Creating graphic novels is a highly collaborative art, said course adviser Rick Benjamin. Benjamin, a visiting lecturer in literary arts, is a trained poet who incorporates other types of art into his work. The creation of a professional graphic novel requires four or five different types of specialists, he said.
"There are some people who will just do line drawings and others that will just do coloring or lettering."
Likewise, all of the course's projects are collaborative — but every student works on every aspect of creating comics.
"You try a lot of things that you normally wouldn't," said Nikolos Gonzales '12, a student in the GISP. Even skilled artists experiment with alternative media such as photography, he said. "It allowed for growth even in really good artists," he said.
The course structure is based on the book "Making Comics" by Scott McCloud, Buck said. Each week, students lead a discussion about a different chapter of McCloud's book, with topics including text, paneling and images. After the discussion, students work on projects related to the material they covered in the book, she said. To accompany the chapter on text, for example, students worked on creating two comics telling the same story — one using text and the other using only images, Buck said.

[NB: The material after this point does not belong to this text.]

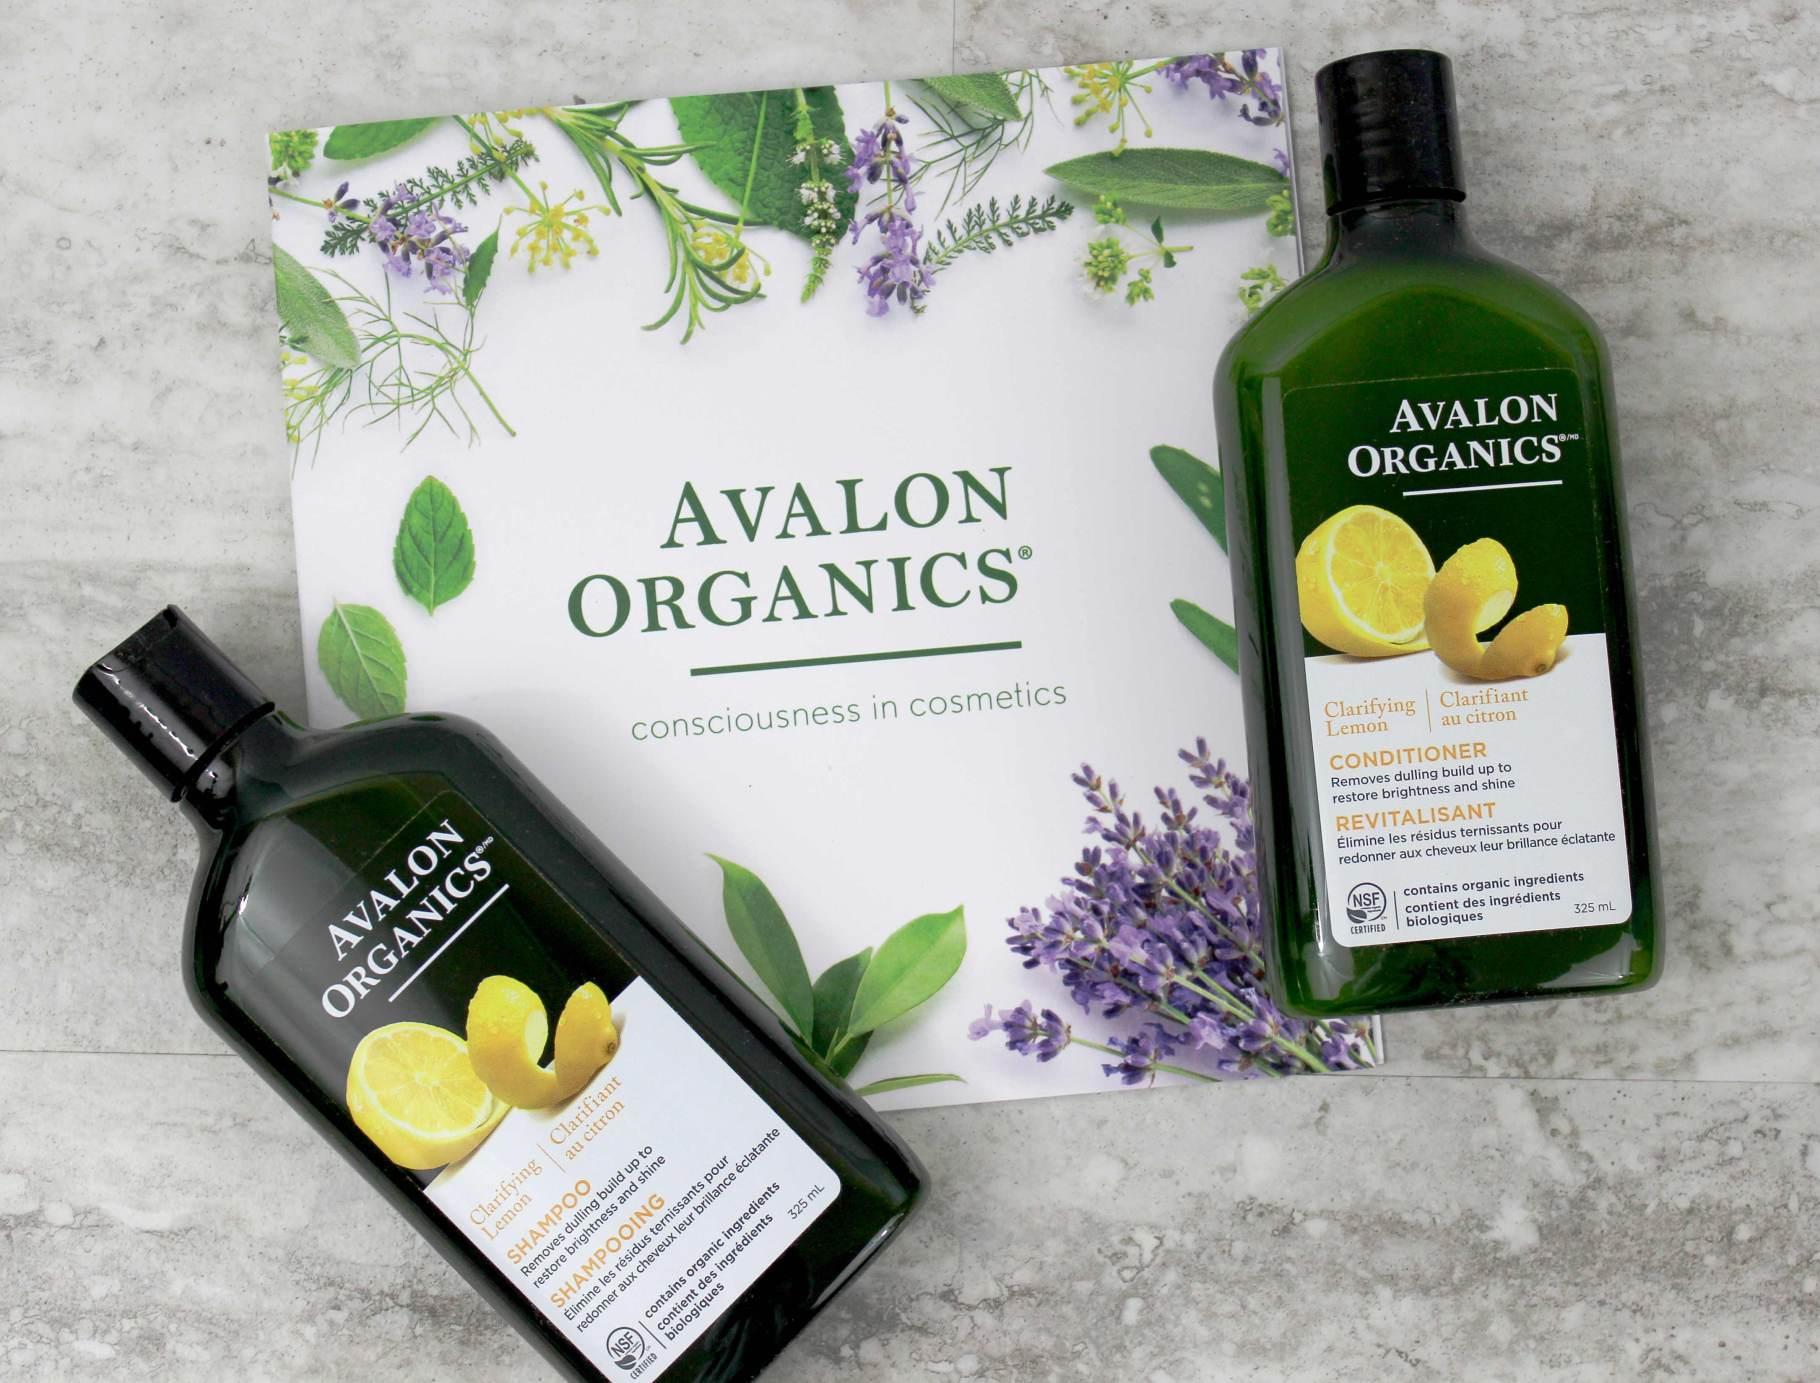 Avalon Organics Shampoo + Conditioner | Review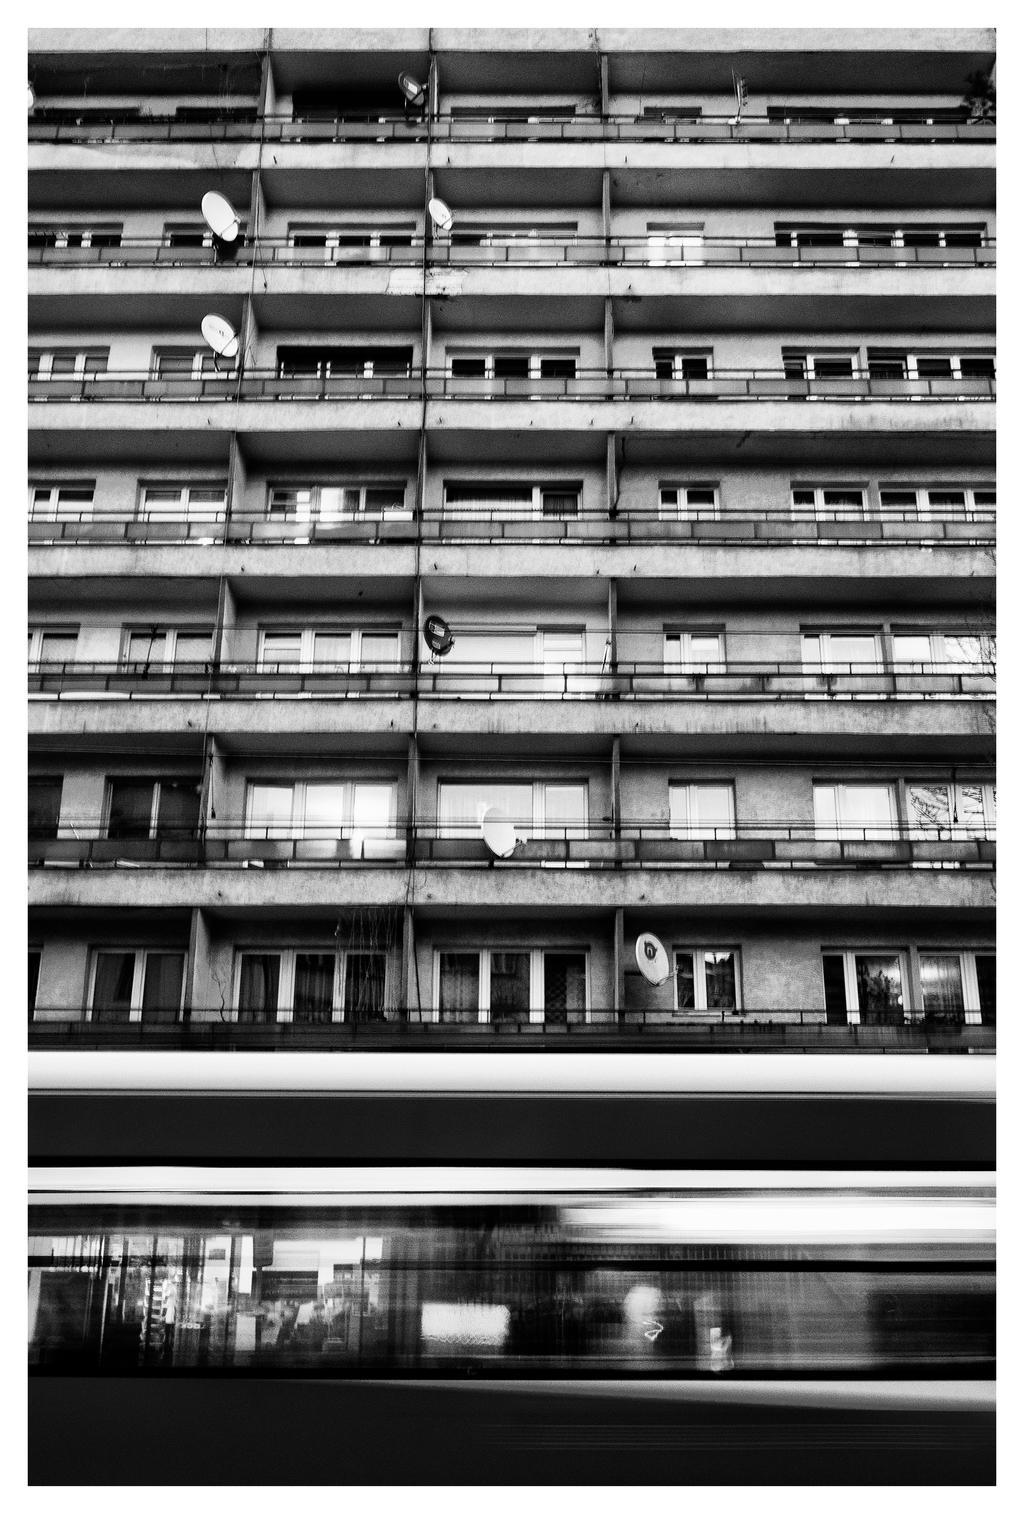 Tram by xbastex

In addition to McCloud's book, the class is studying a variety of comics, from "Blankets," by Craig Thompson, to Frank Miller's "Sin City," Gonzales said.
For the final project, which is the course's only formal assessment, students will begin to create their own graphic novels in small groups, Benjamin said. "It's not possible to create a complete graphic novel in a semester," he said, but by the end of the semester students will be able to present a graphic novel in progress.